SEP 019 -- Using SBOL to model the Design-Build-Test-Learn Cycle

SEP
Title SEP 019 -- Using SBOL to model the Design-Build-Test-Learn Cycle
Authors Bryan Bartley (bartleyba@sbolstandard.org), Jake Beal (jakebeal@gmail.com), Raik Gruenberg (raik.gruenberg@gmail.com), James McLaughlin (j.a.mclaughlin@newcastle.ac.uk), Chris Myers (myers@ece.utah.edu), Nicholas Roehner (nicholasroehner@gmail.com), and Anil Wipat (anil.wipat@newcastle.ac.uk)
Editor Nicholas Roehner (nicholasroehner@gmail.com)
Type Data Model
SBOL Version 2.3
Replaces SEP 014, SEP 016, SEP 017, SEP 018
Status Accepted
Created 10-Nov-2017
Last modified 11-Dec-2017
Issue #43

Abstract

Linking experimental data with SBOL designs is becoming critical to a number of important synthetic biology projects. Therefore this SEP introduces a data model for SBOL that supports Design-Build-Test-Learn reasoning. As the synthetic biologist proceeds around the Design-Build-Test-Learn cycle, each iteration generates new understanding that must be integrated at each stage. This SEP will help synthetic biologists close the loop in the Design-Build-Test-Learn cycle.

Table of Contents

Rationale

  • Decouple the design-build-test-learn process, according to the foundational principles for engineering biology.
  • Specify where to add experimental data
  • Provide an SBOL representation of biological instances of a design that can link to LIMS systems
  • Provide clear guidance for using PROV-O with illustrative examples.
  • Capture workflow provenance, a description of the events of a workflow, which is crucial for scientific reproducibility
  • Support model-based design.

This SEP was initiated in response to the ["Design-Build-Test" thread] on sbol-dev.

Specification

Here we propose to add a new class, Implementation, to allow users to represent physical realizations of biological designs. For example, an Implementation could be used to represent an aliquot of DNA, a cell clone, or a lysate. The Implementation class is meant to serve as a connection point between theoretical designs of biological systems and descriptions of their actual structure and/or function following their physical construction.

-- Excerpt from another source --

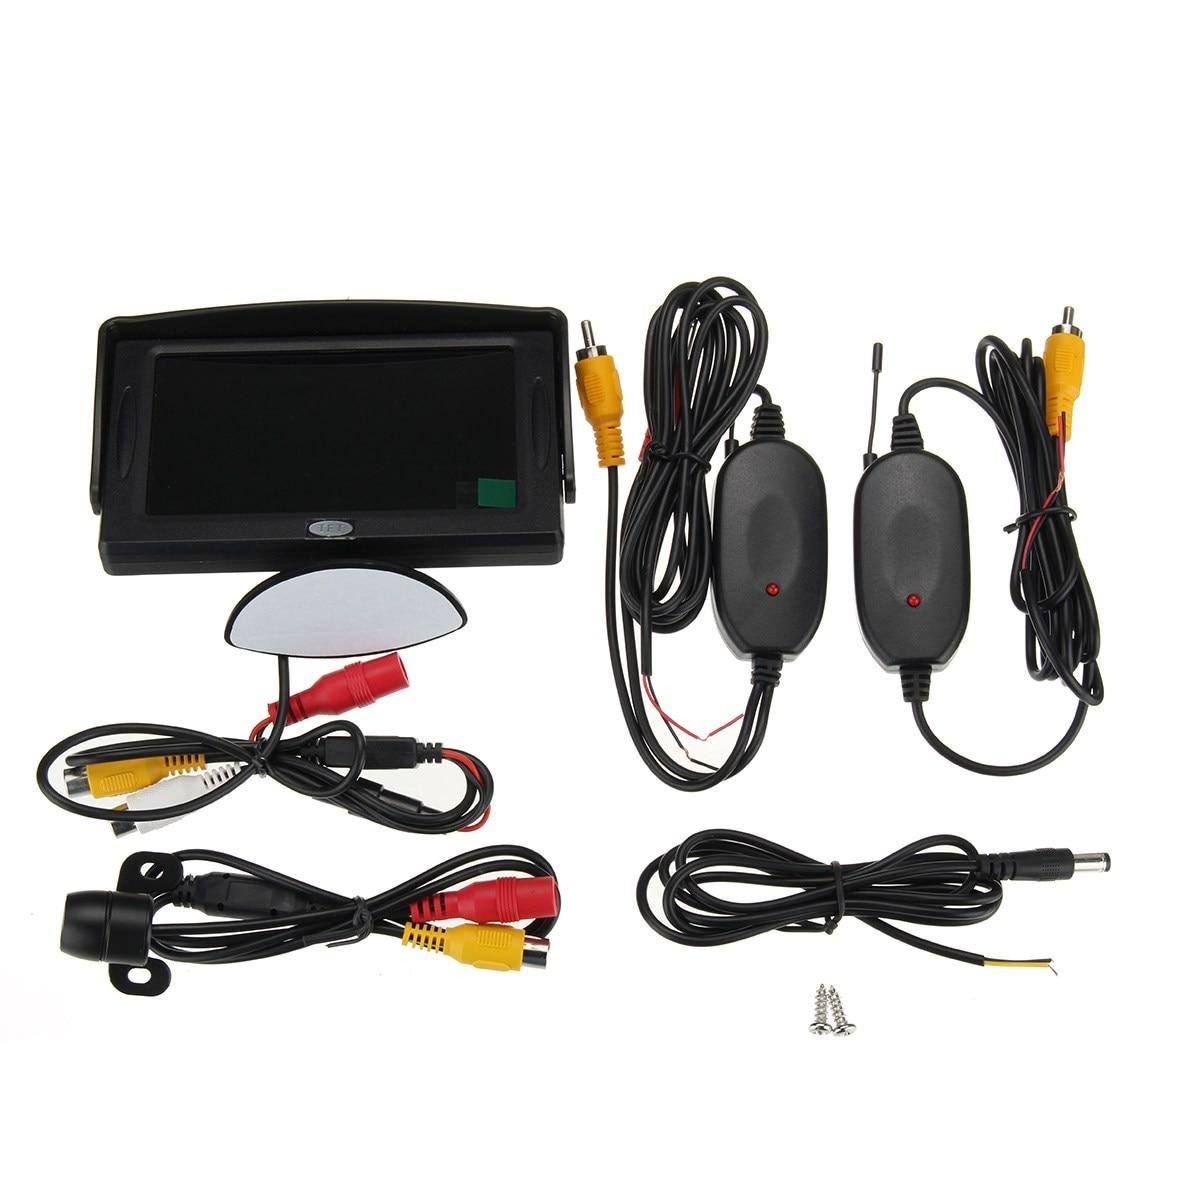 Wireless 120 Degree Car Rear View Backup Reverse Camera 4.3

Here we also define four new SBOL ontology terms (sbol:design, sbol:build, sbol:test, and sbol:learn) to serve as values for the hadRole properties of the PROV-O classes Usage and Association. In addition, we present tentative best-practice validation rules for the use of these ontology terms and PROV-O to represent design-build-test-learn cycles. These best practices will undergo continuing development to support new use cases as they arise.

2.1 Implementation

An Implementation represents a real, physical instance of a synthetic biological construct which may be associated with a laboratory sample. An Implementation describes the thing which was built during the Build phase of a D-B-T-L workflow. An Implementation may be linked back to its original design (either a ModuleDefinition or ComponentDefinition) using the wasDerivedFrom and/or wasGeneratedBy properties inherited from the Identified superclass. An Implementation may also link to a ModuleDefinition or ComponentDefinition that specifies its actual realized structure and/or function as described in Section2.1.1.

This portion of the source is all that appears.